The Playstation 5 and Xbox Series X remains in short supply, more than half a year after their launch, in large part due to chip shortages. Apple has said it could miss out on billions in sales as It’s not able to meet demand for some devices. Samsung has had to delay the launch of some of its biggest smartphones. Meanwhile car brands like Volkswagen and Jaguar Land Rover have cut production because of the shortage, while others like Peugeot have retooled cars so they can send out a ‘dumber’, less chip-reliant version instead.

But perhaps one of the less visible impacts is on the world’s data centres, which rely on high-end processors to power their banks of servers.

The intensity of the workload these servers are under means firms tend to replace them regularly - but the current processor shortage means that some are pushing those upgrades out as far as they can.

"They used to look at about an 18 month to three year lifecycle for servers," said Eoin Lambkin, founder of Circular Data Solutions.

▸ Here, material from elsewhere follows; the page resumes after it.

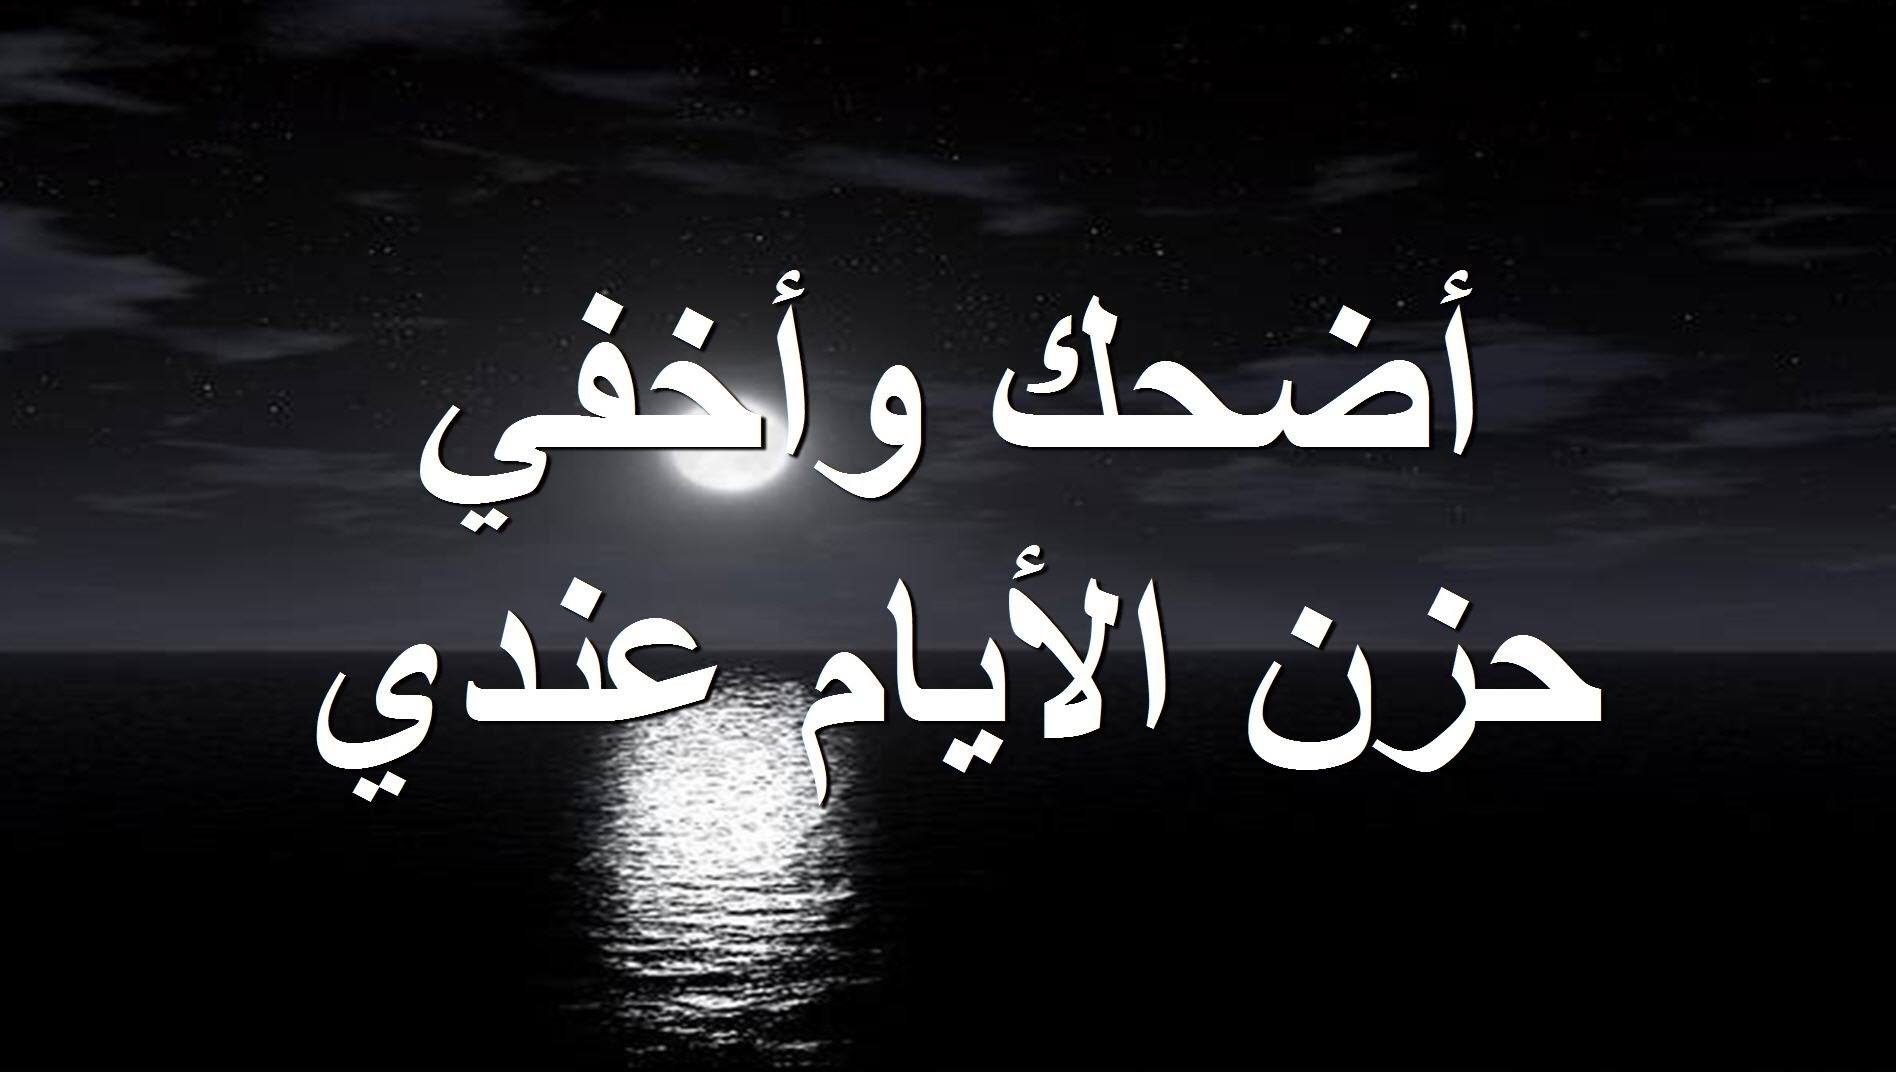 بالصور صور حزن وفراق , صور معبره عن الالم والحزن 4457 8

It specialises in the secure destruction of data on equipment like servers, and helps to dispose of the hardware as well.

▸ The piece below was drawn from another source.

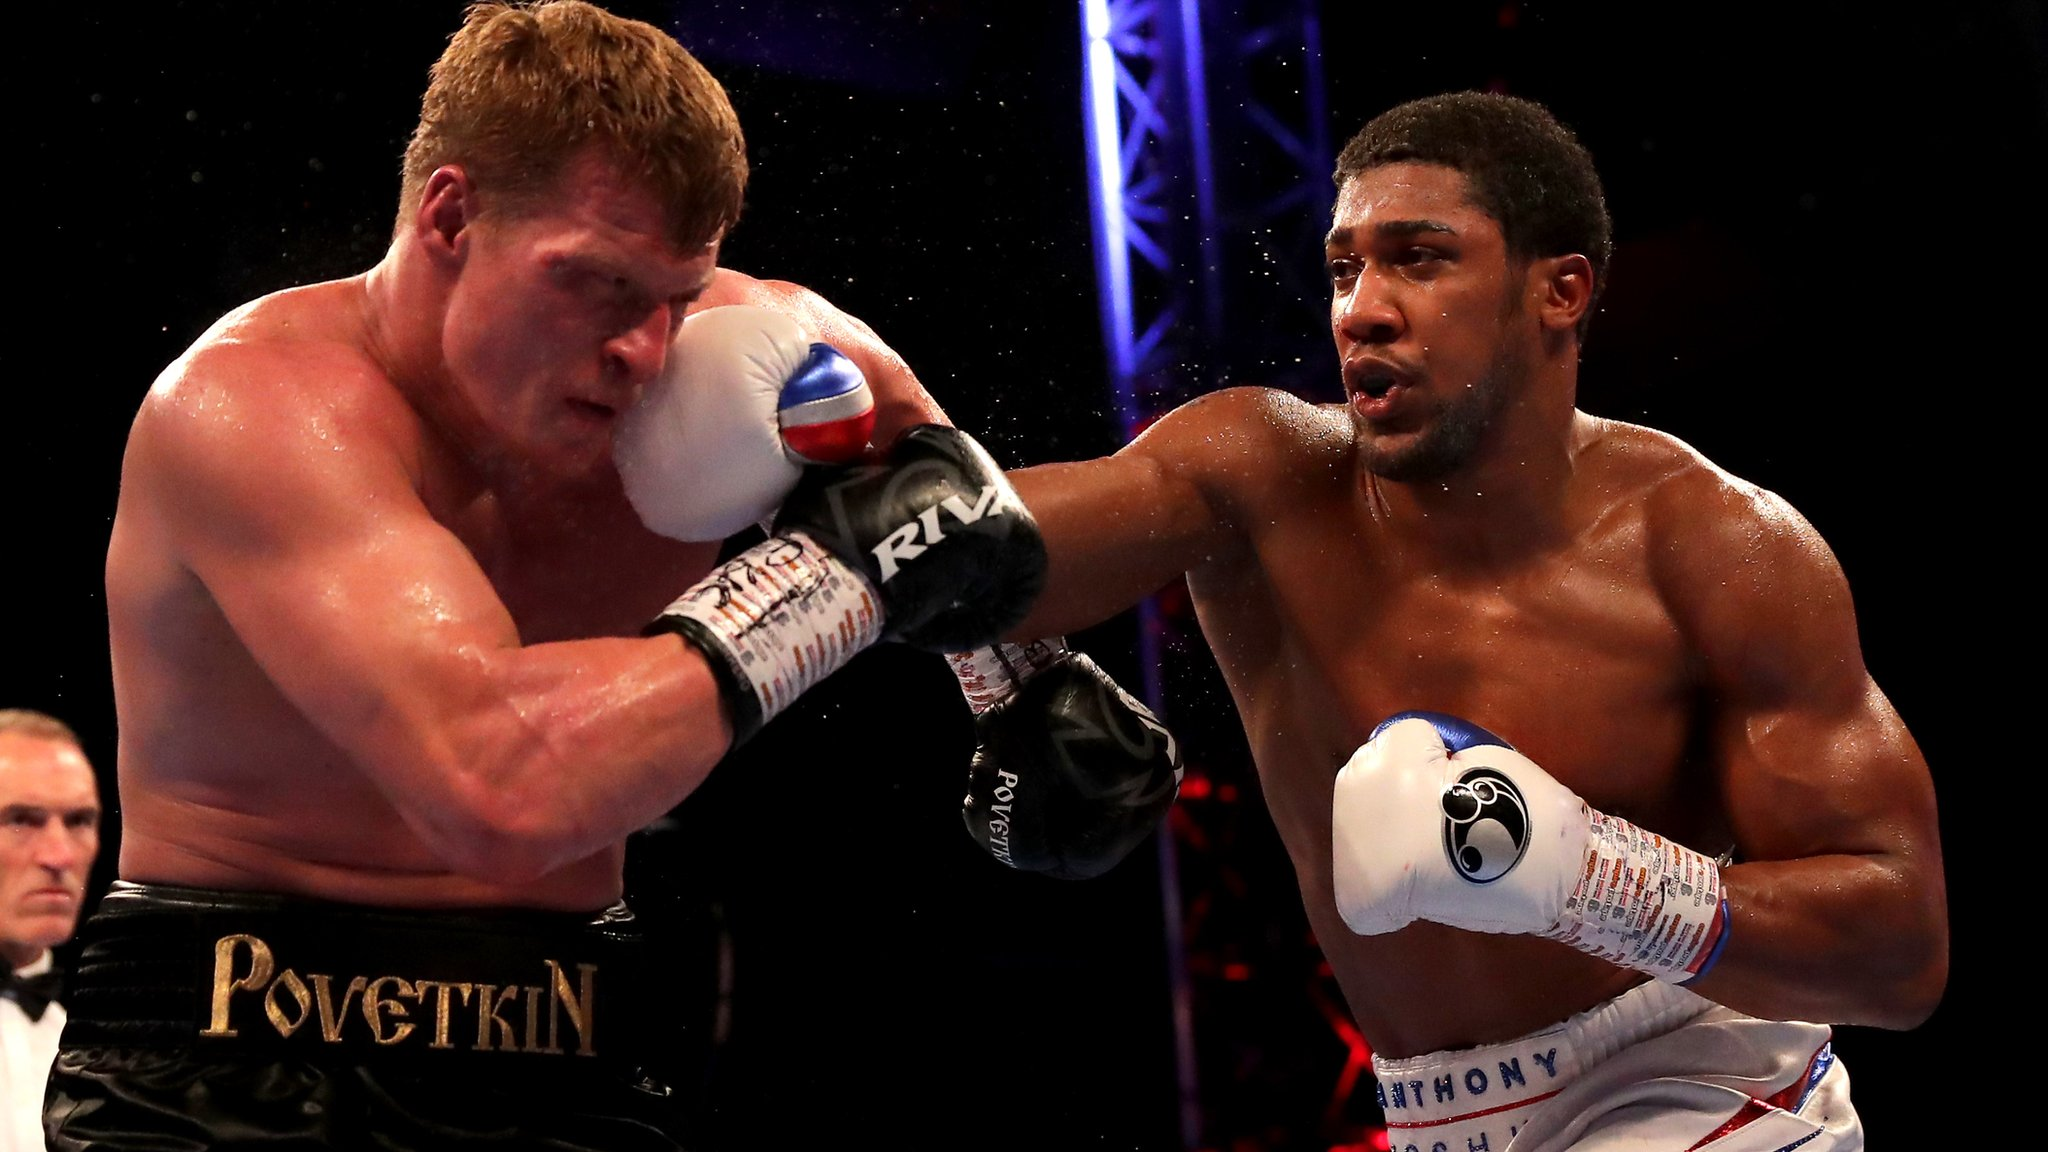 Anthony Joshua stops Alexander Povetkin to retain world heavyweight titles

"That cycle has extended now because of the shortage, there’s problems with the supply chains so companies are pushing that out beyond the three years."

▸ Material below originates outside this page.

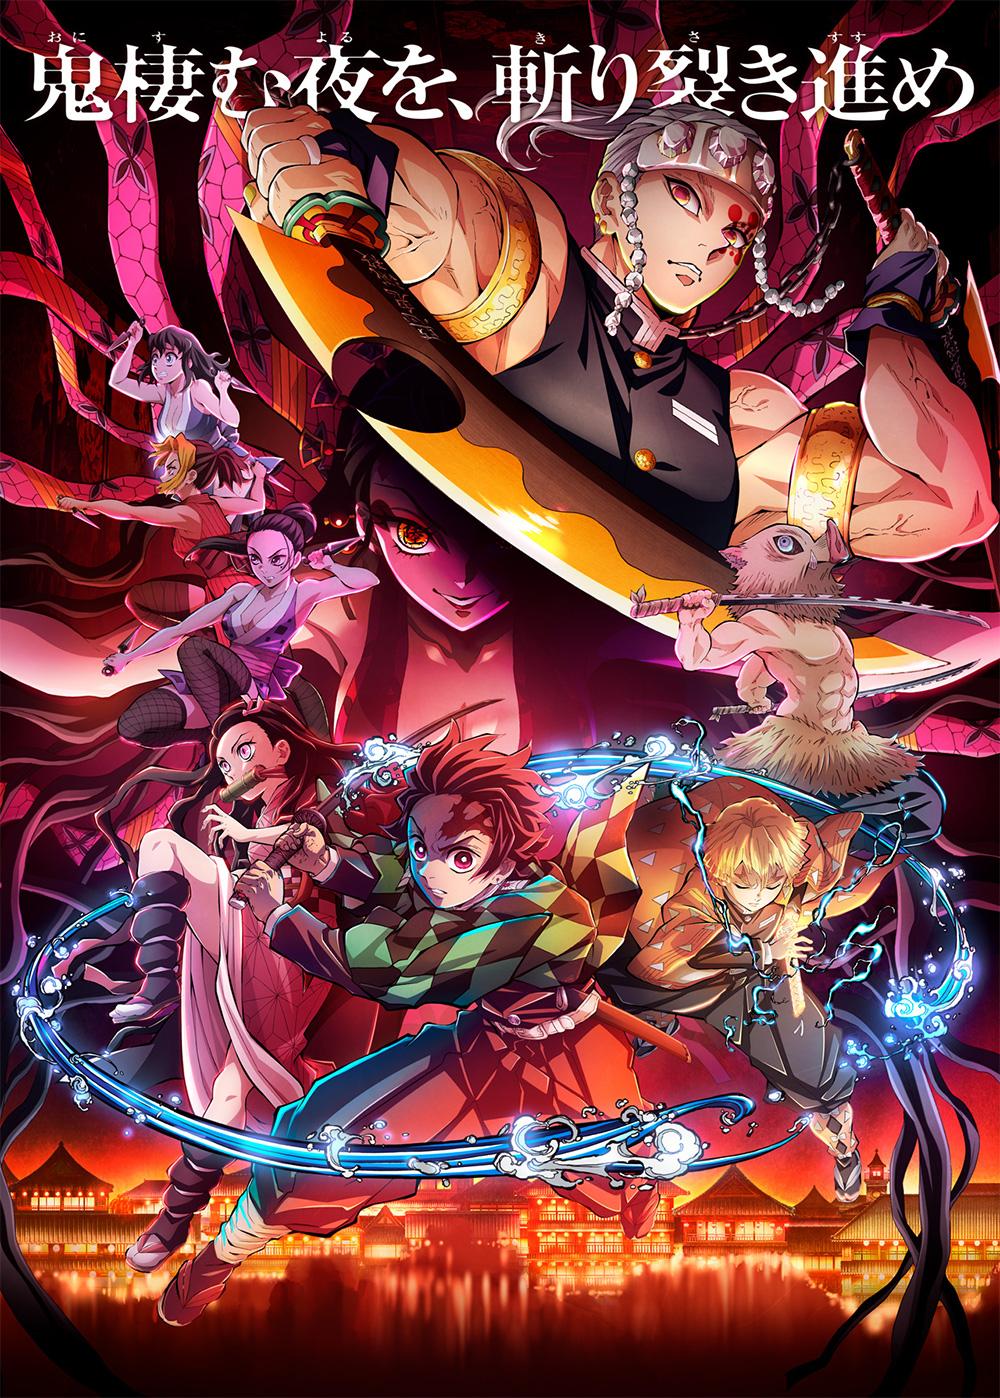 Demon-Slayer-Season-2-Anime-Visual-02

There is a risk inherent in that - as it increases the possibility of a server unexpectedly going offline.

However Mr Lambkin says that major data centre owners like Google and Amazon would likely be in a position to maintain a normal upgrade cycle, while others should have failsafe systems in place to prevent any disruption or data loss.

But there is an upside to this too - as the scarcity of processors is making second hand servers more attractive to firms.

"In the past a lot of this equipment would get dumped, because the market didn’t want to buy legacy kit in the volumes that were being produced," Mr Lambkin said. "There is a market now and our partner has a very significant business in refurbishing, repurposing and reselling data centre kit."

That means that, where once it may have been destroyed, a formerly high-end server may now find a home in a less demanding data centre.

Chipping away

There may be another potential upside for Ireland in all of this too.

While chip-makers will tread carefully with any expansion plans, it is certain that new facilities will come on stream in the coming years.

Alongside its Leixlip expansion, Intel has laid out plans to establish a standalone ‘foundry’ business, which would produce other types of chips for the first time.

One of those factories will be in Europe, and there is a hope that Ireland’s experience in processors will give it a fighting chance at bagging the business.

"You can see what’s going on - electronics is driving the digital transformation, chips are the building blocks for that digital transformation," said Leonard Hobbs, general manager at MIDAS Ireland, which. "You would imagine that if there’s global demand that would be good news for the companies with operations here."

Intel may not be the only one broadening its European horizons, either.

The pandemic highlighted the many critical areas where the European Union is heavily reliant on other countries, including computer processors.

European Commission executive vice-president Margrethe Vestager has set a target of having 20% of the world's high-end chips produced in Europe by 2030 - compared to 10% last year.

That could see incentives offered - and even threats levelled - to secure more production in the region, which could all be good news for Ireland.

"Under pressure from the Biden administration, I believe that Samsung are setting up in America," said Dr Berwick. "It wouldn’t be beyond the realms of possibility that [chip-makers] might be encouraged, or indeed forced, to set up plants in Europe in a similar way."